**WORK REQUIRED**
Output the line containing "Boîte à bijoux en bronze ciselé, intérieur" and all subsequent lines of the listing below, copied exactly, with no other lines.

**GIVEN DATA**
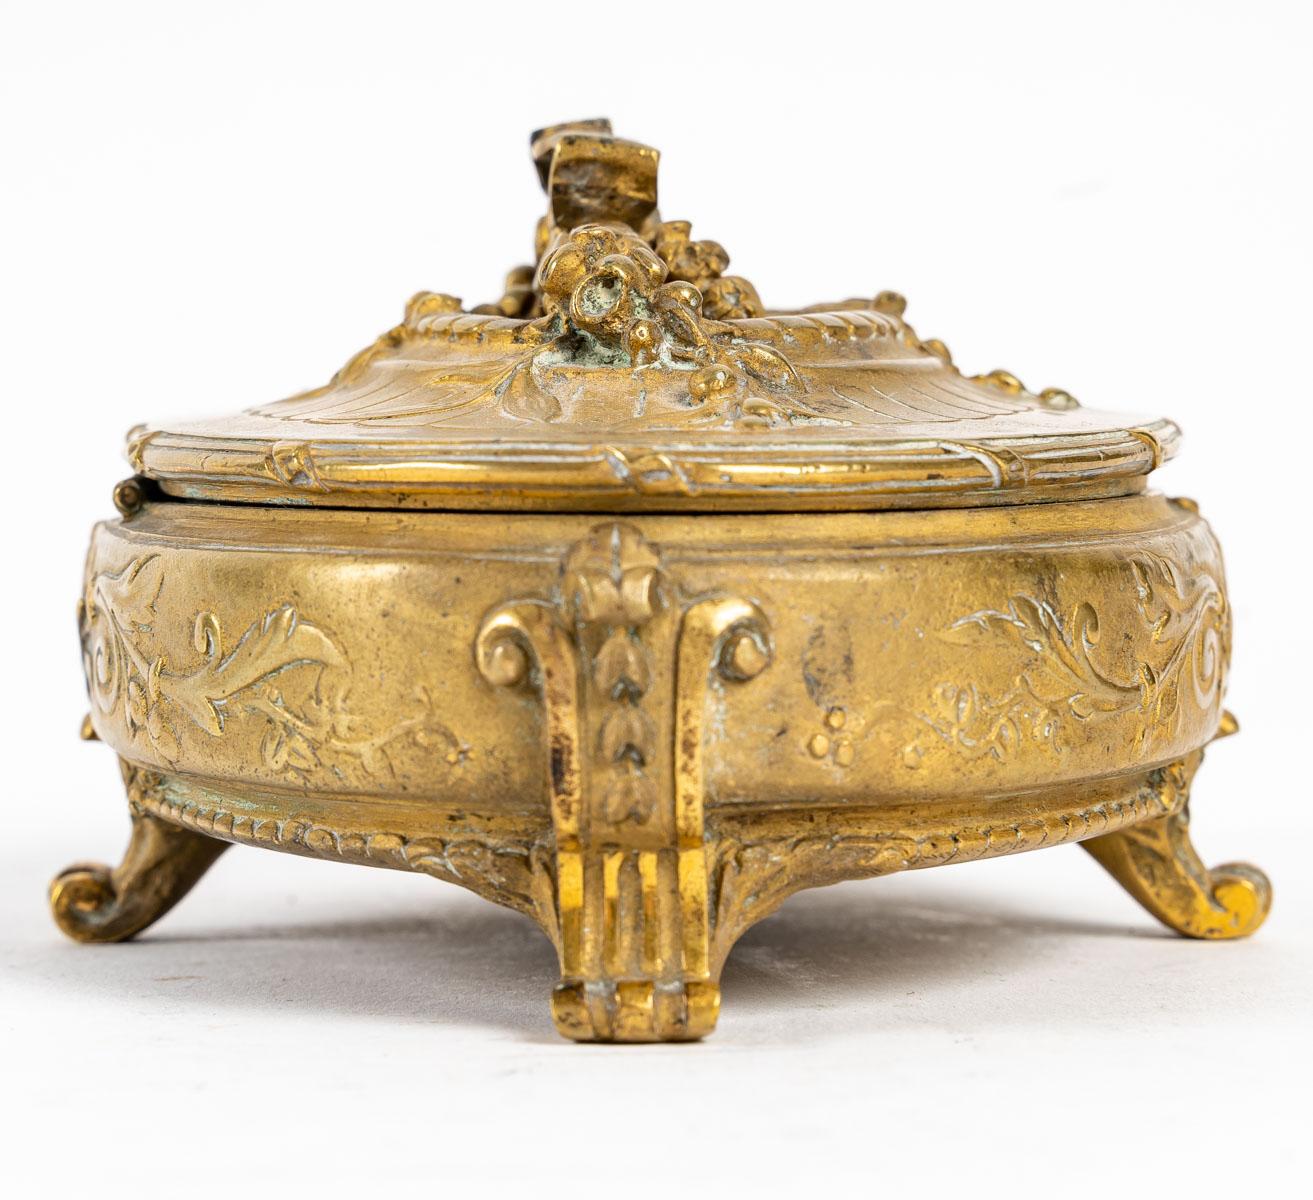 Boîte à bijoux en bronze ciselé, 19e siècle
Boîte à bijoux en bronze ciselé, intérieur en soie rouge, époque Napoléon III, XIXe siècle
Mesures : H : 7 cm, L : 16 cm, P : 10 cm.

**ANSWER FOR THE TASK**
Boîte à bijoux en bronze ciselé, intérieur en soie rouge, époque Napoléon III, XIXe siècle
Mesures : H : 7 cm, L : 16 cm, P : 10 cm.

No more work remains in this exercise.